=== Material for this task ===

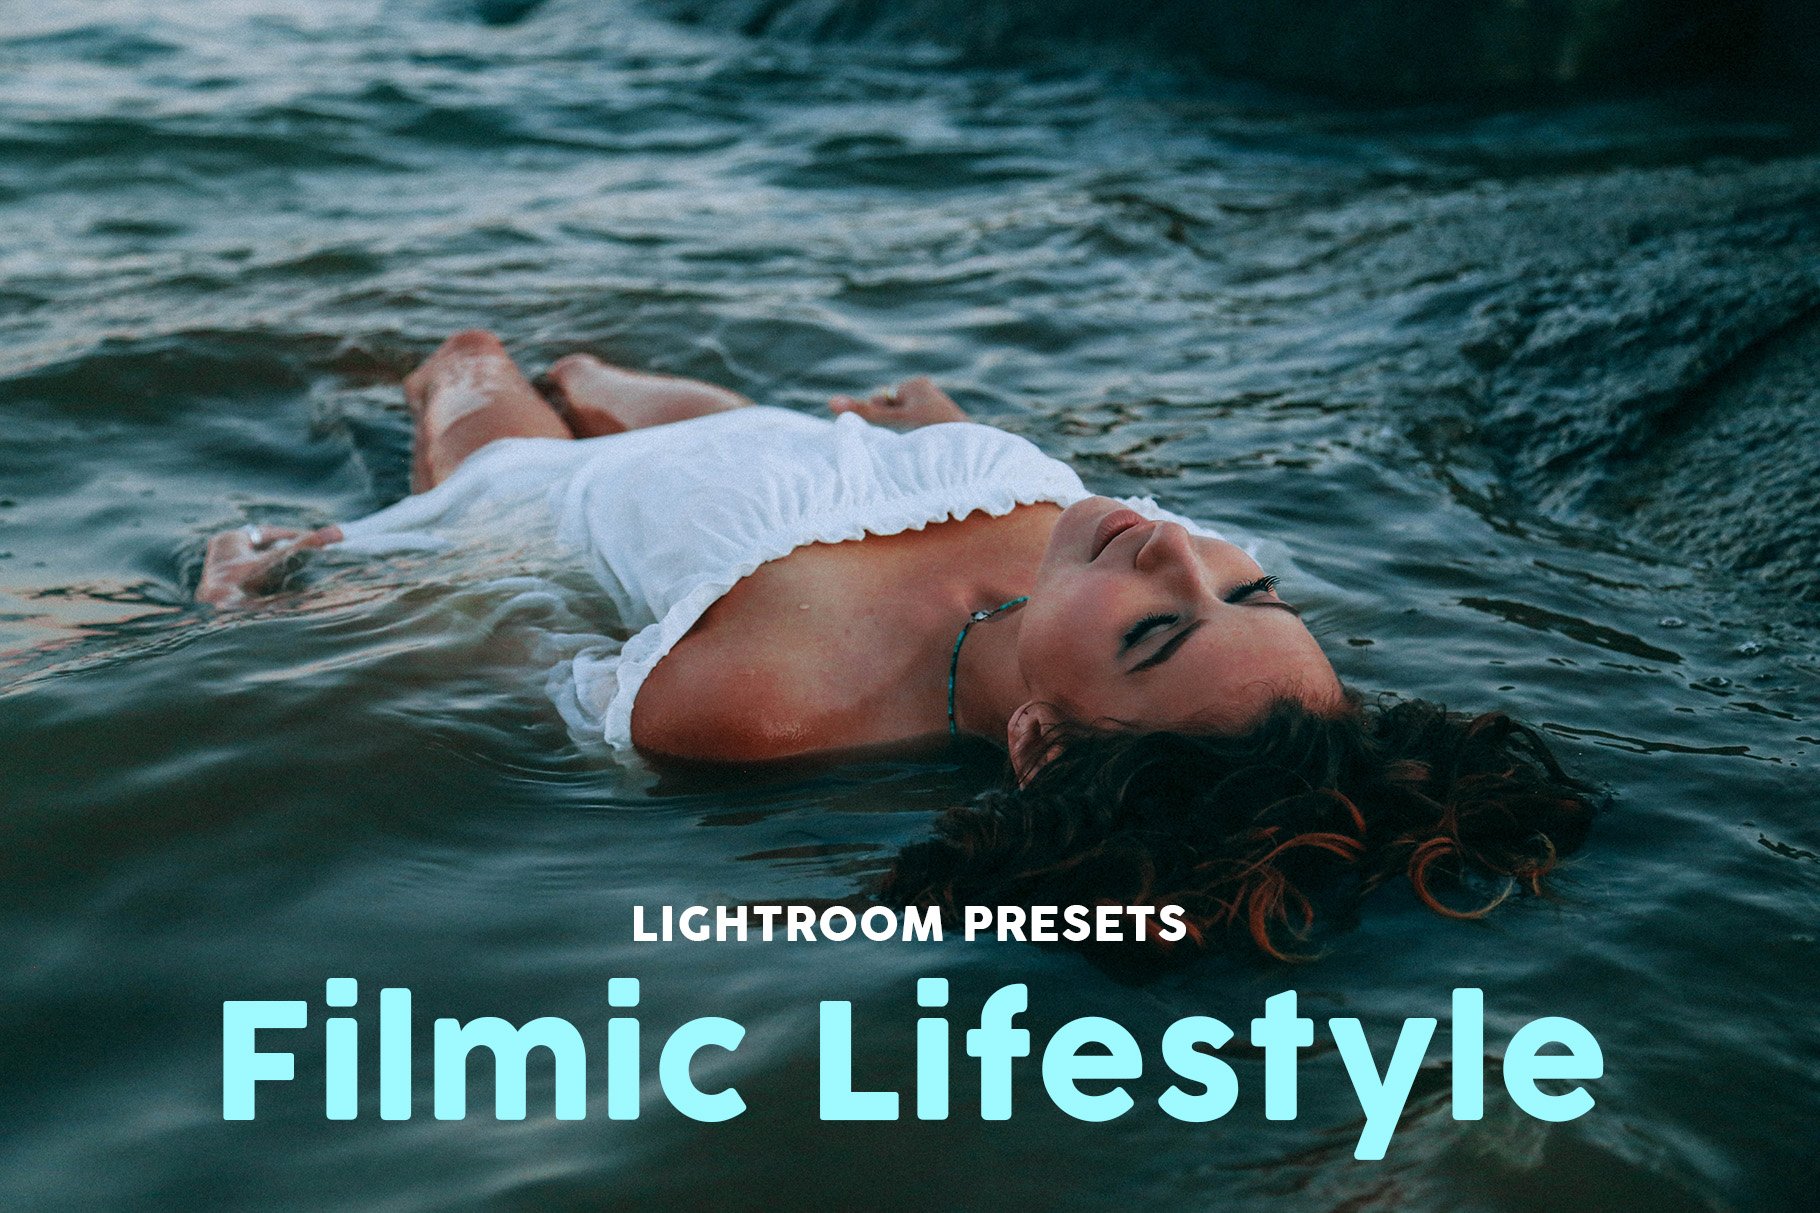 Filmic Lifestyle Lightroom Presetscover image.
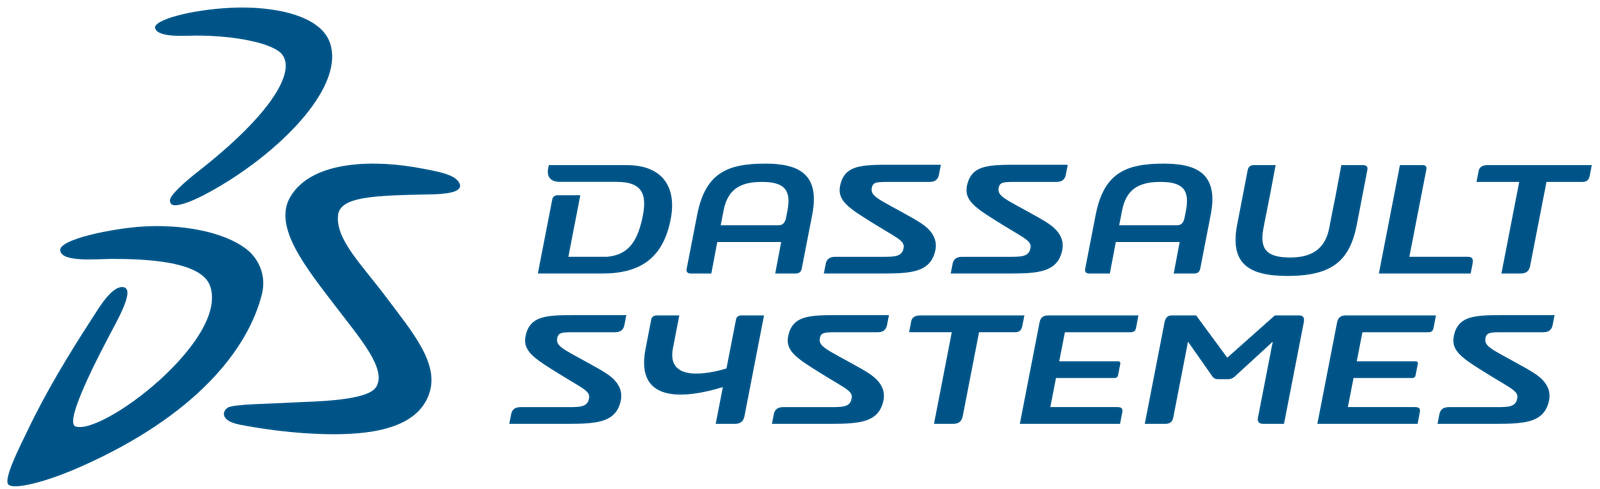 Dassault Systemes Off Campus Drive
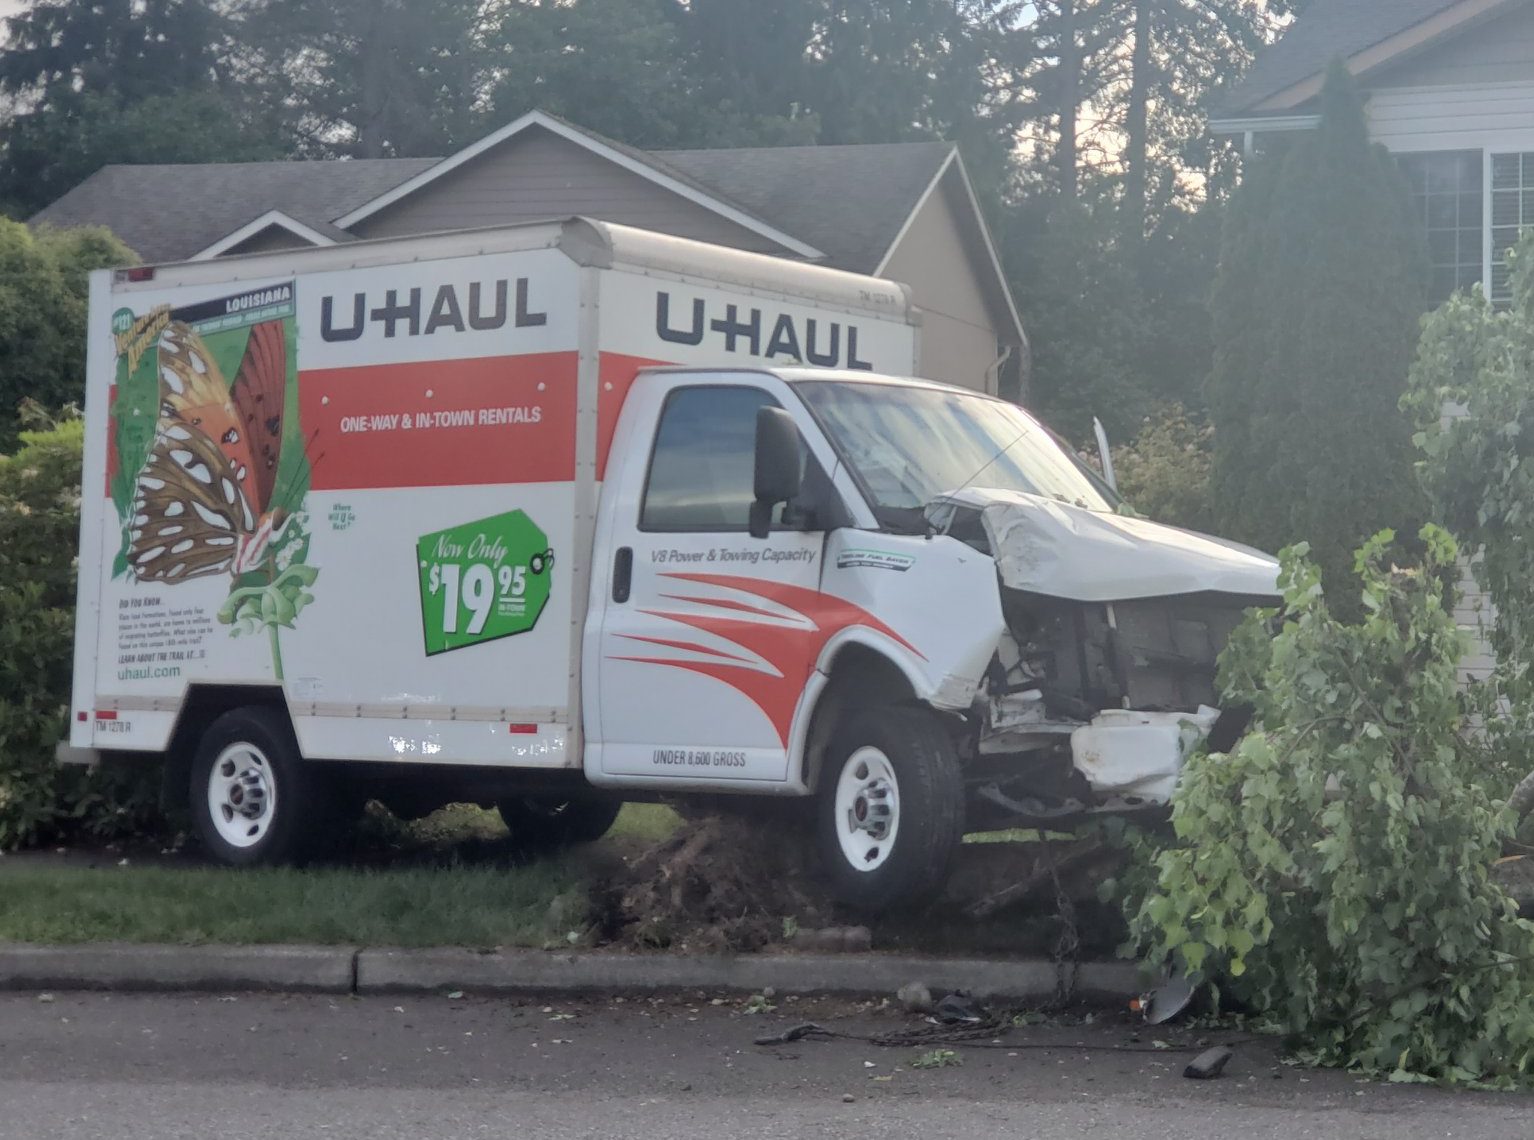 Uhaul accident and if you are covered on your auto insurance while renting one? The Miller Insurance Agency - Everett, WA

===
=== Material for this task ===

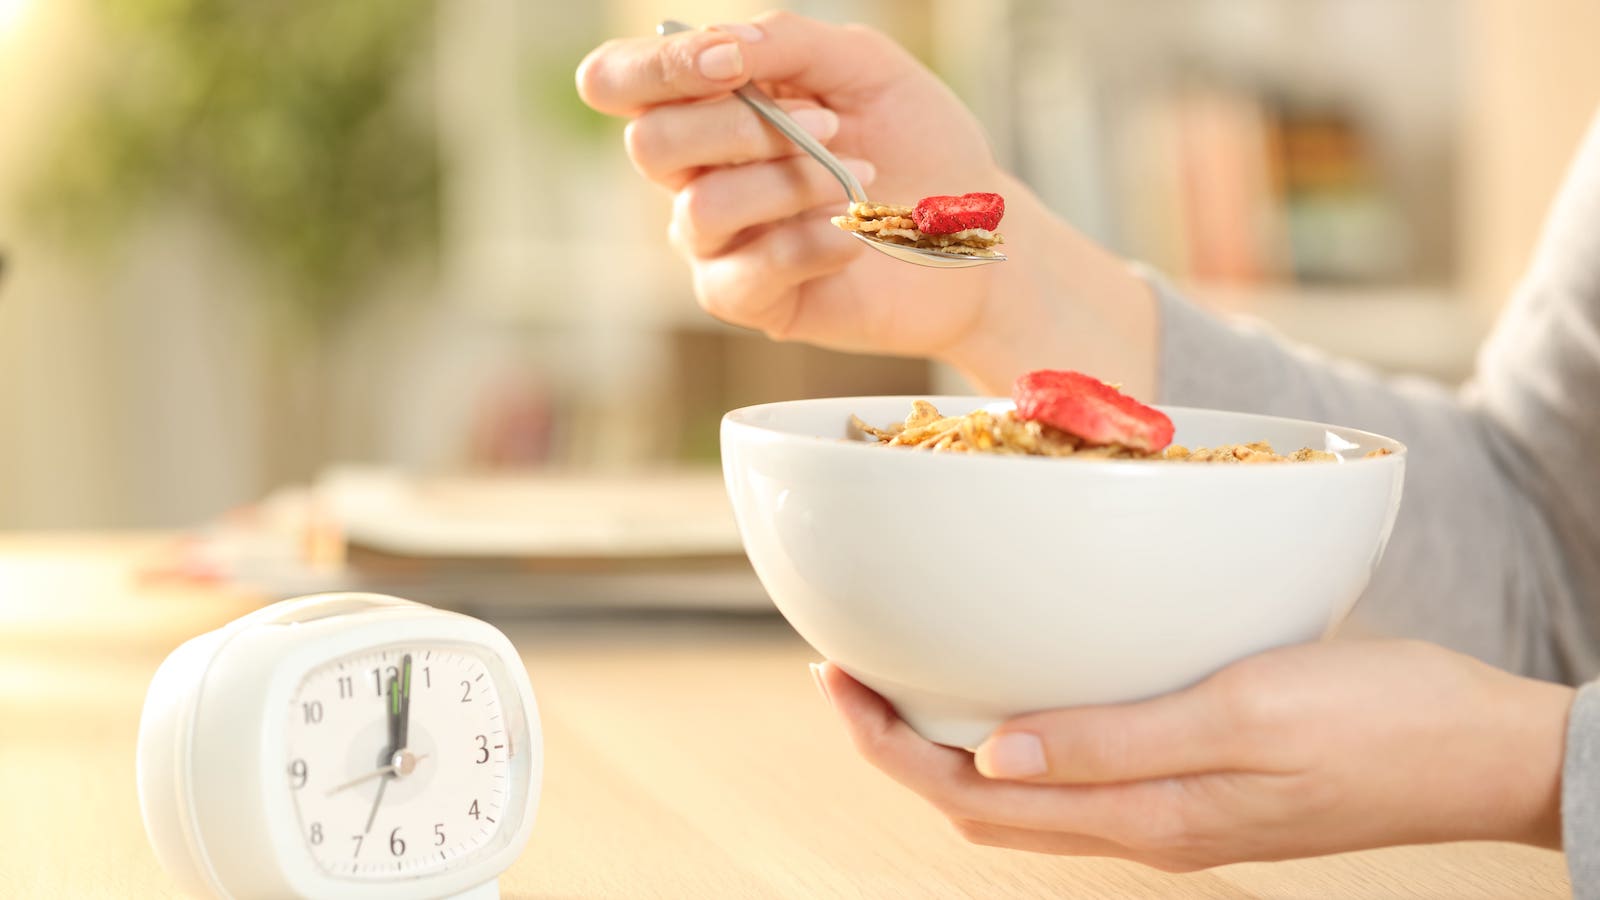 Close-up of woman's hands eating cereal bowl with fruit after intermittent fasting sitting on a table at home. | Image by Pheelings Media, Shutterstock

===
=== Material for this task ===

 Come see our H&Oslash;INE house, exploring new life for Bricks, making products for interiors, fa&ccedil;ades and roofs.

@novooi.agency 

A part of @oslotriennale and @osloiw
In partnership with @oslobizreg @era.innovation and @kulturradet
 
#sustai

===

Task requirements:
From the listing above, repeat only the lines between the line containing "Filmic Lifestyle Lightroom" and the line containing "Uhaul accident and", those two included. Pictures are not part of the copy.

Answer box:
 Filmic Lifestyle Lightroom Presetscover image.
 Dassault Systemes Off Campus Drive
 Uhaul accident and if you are covered on your auto insurance while renting one? The Miller Insurance Agency - Everett, WA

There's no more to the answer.